Segment Start: Record set

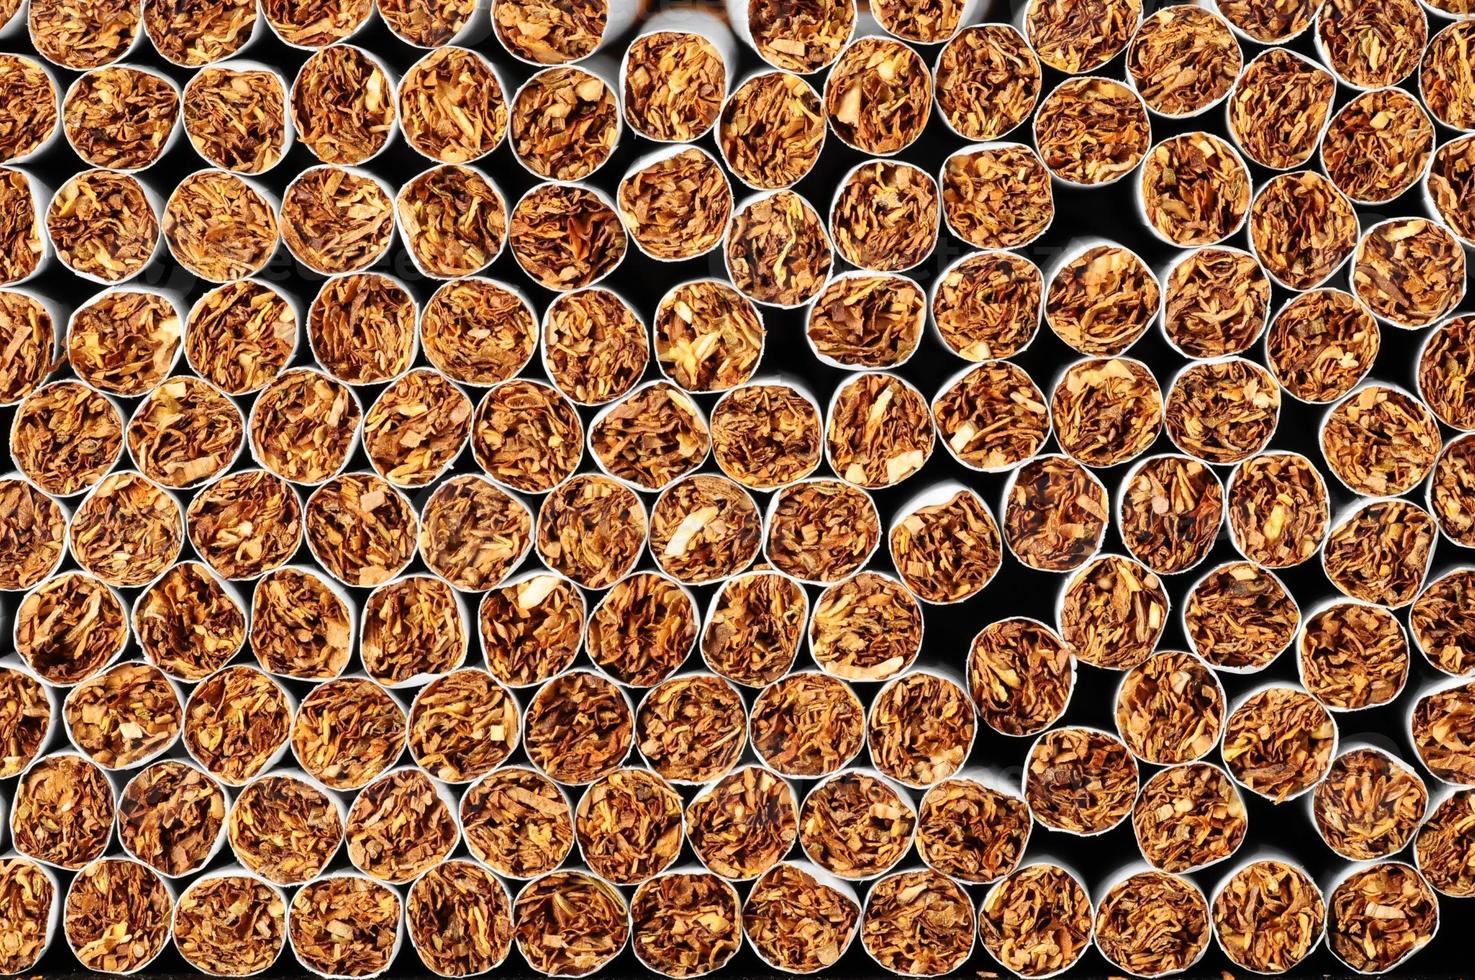 industrie du tabac avec des cigarettes empilées photo
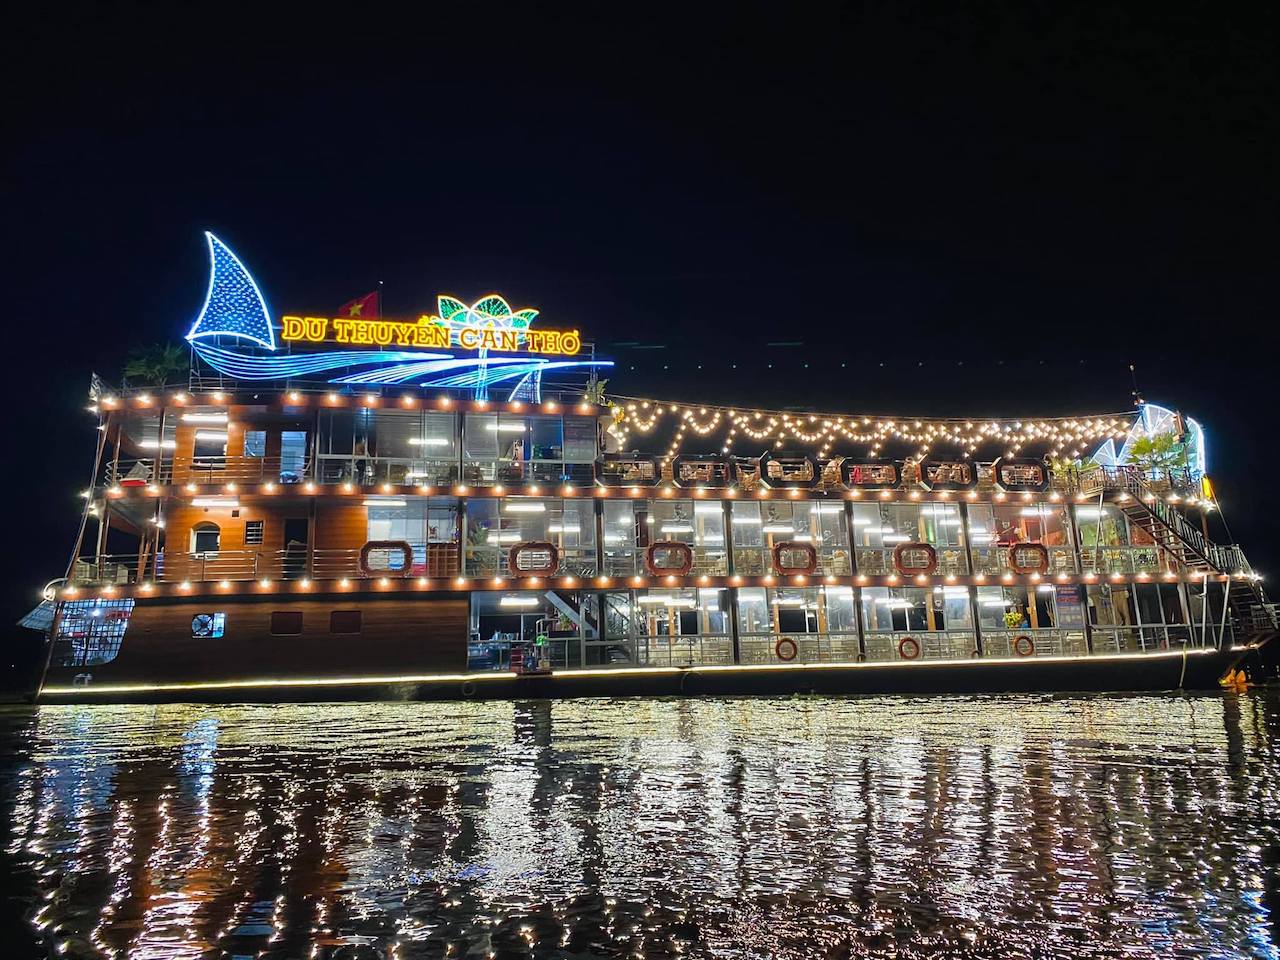 Du thuyền Cần Thơ - Ninh Kiều với những trải nghiệm đáng nhớ 4
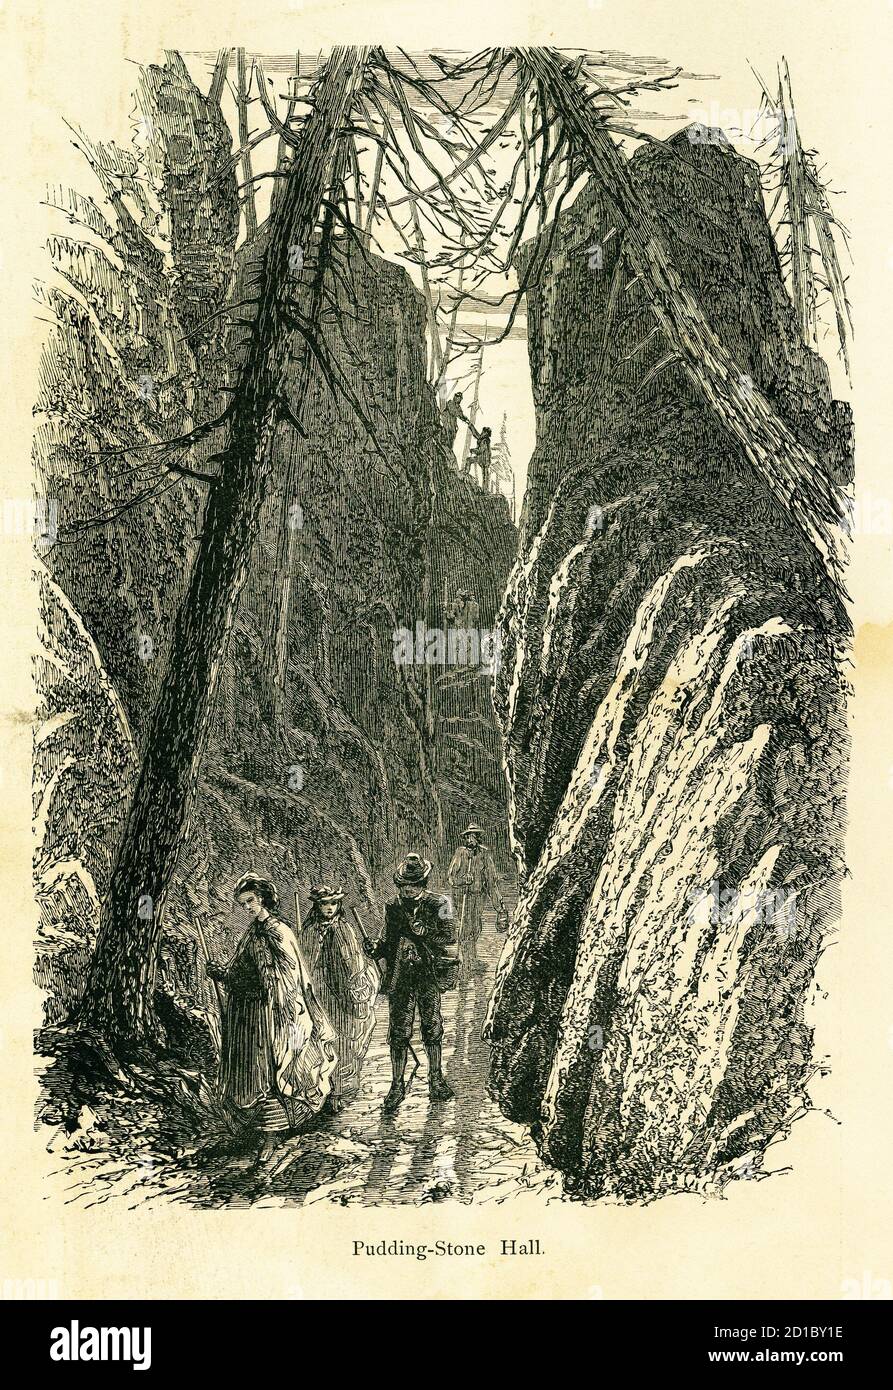 Stich aus dem 19. Jahrhundert der Puddingstone Hall in den Catskill Mountains, US-Bundesstaat New York. Illustration veröffentlicht im malerischen Amerika oder La Stockfoto
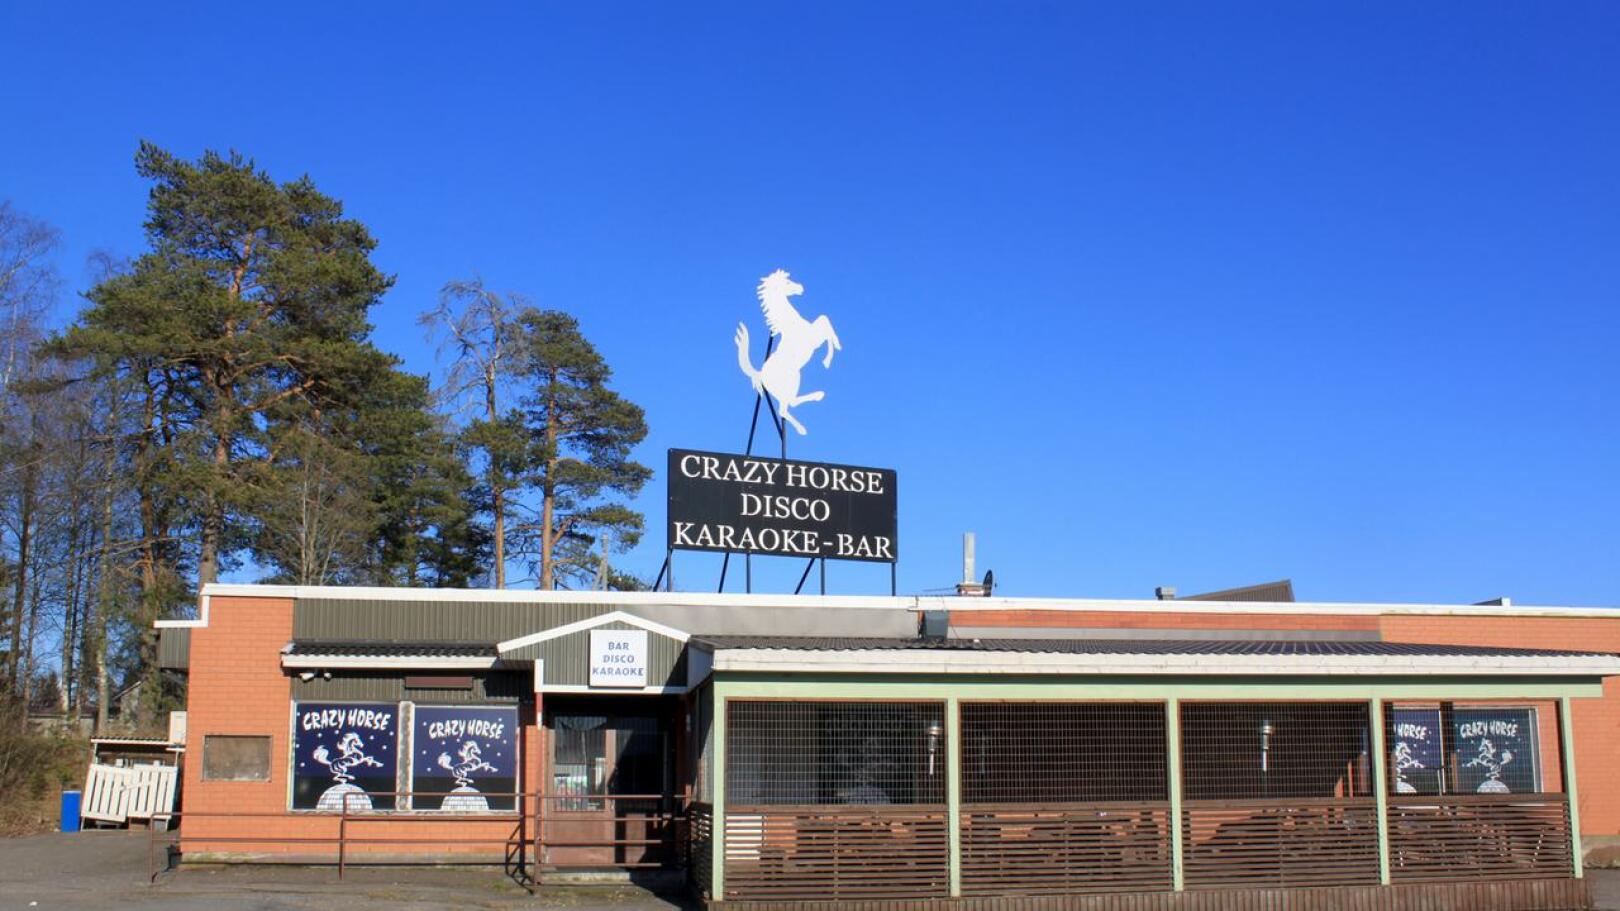 Perhossa toimiva Crazy Horse -yökerho ei pysty avaamaan oviaan kesäkuun alussa. Hallituksen linjaama sulkemisajankohta on liian aikainen yritykselle.
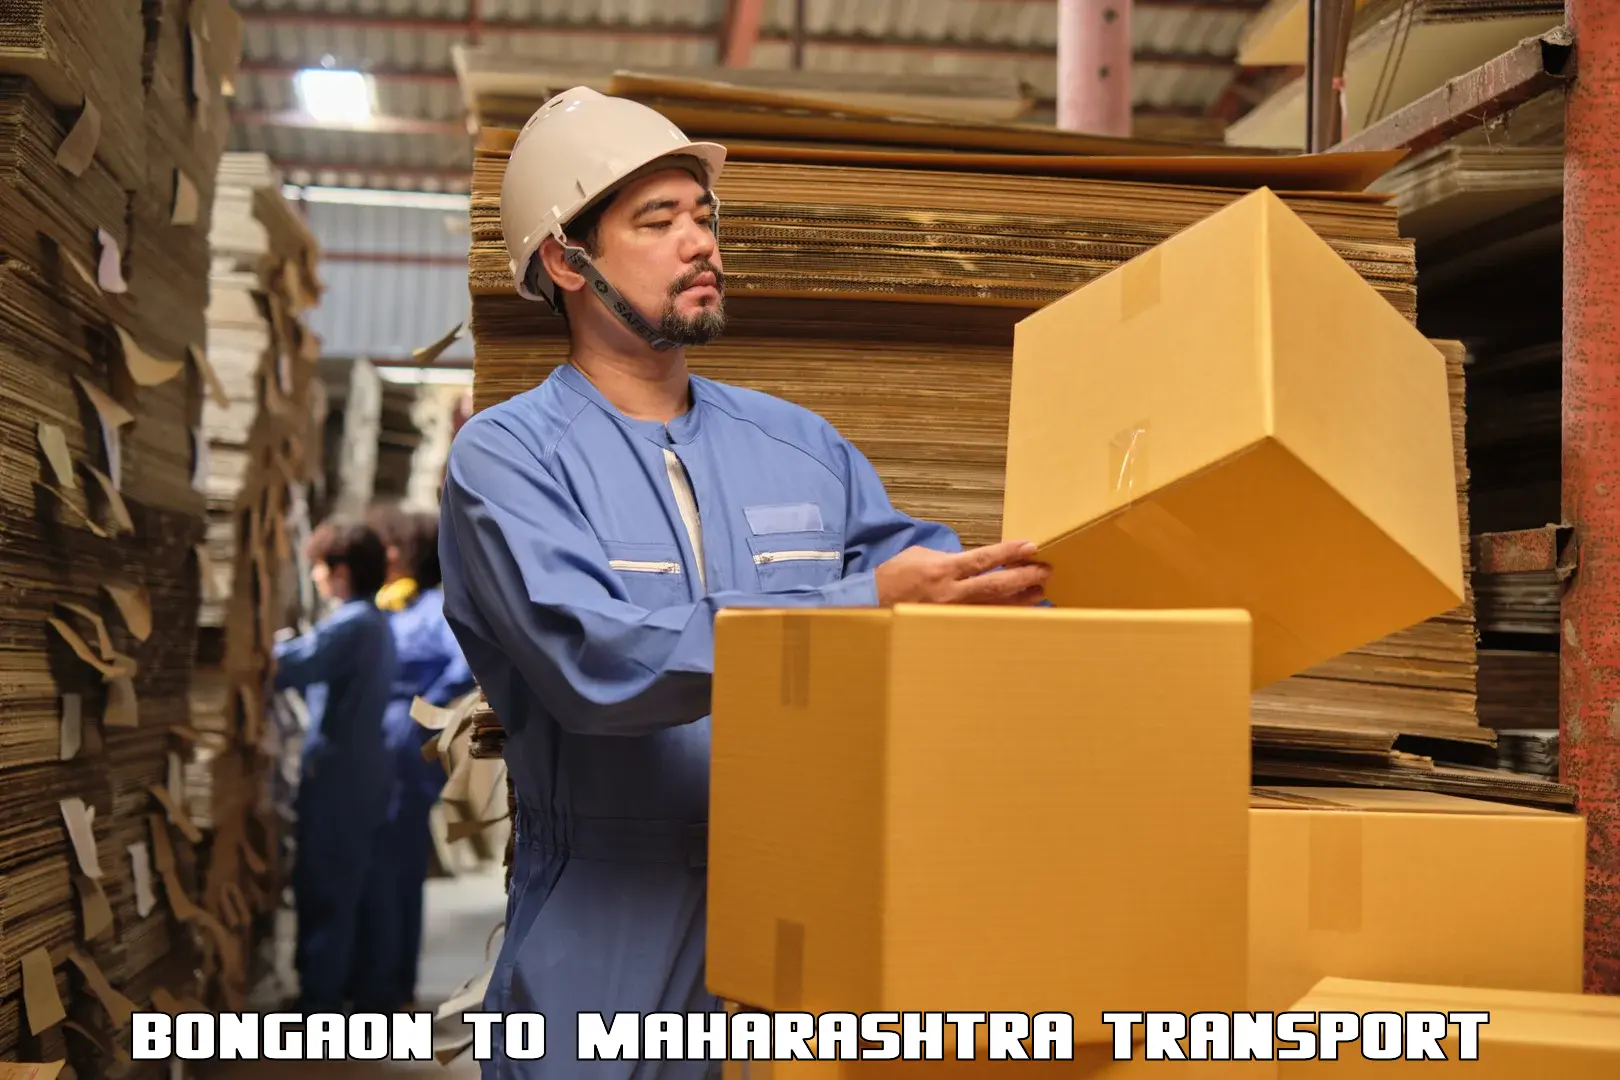 Furniture transport service Bongaon to Maharashtra

Segment End: Record set

- [What you should do] Everything from the line containing "Du thuyền Cần" to the last line of the listing above must be reproduced exactly, with no pictures included.

- [Answer to this exercise]
 Du thuyền Cần Thơ - Ninh Kiều với những trải nghiệm đáng nhớ 4
 Stich aus dem 19. Jahrhundert der Puddingstone Hall in den Catskill Mountains, US-Bundesstaat New York. Illustration veröffentlicht im malerischen Amerika oder La Stockfoto
 Perhossa toimiva Crazy Horse -yökerho ei pysty avaamaan oviaan kesäkuun alussa. Hallituksen linjaama sulkemisajankohta on liian aikainen yritykselle.
 Furniture transport service Bongaon to Maharashtra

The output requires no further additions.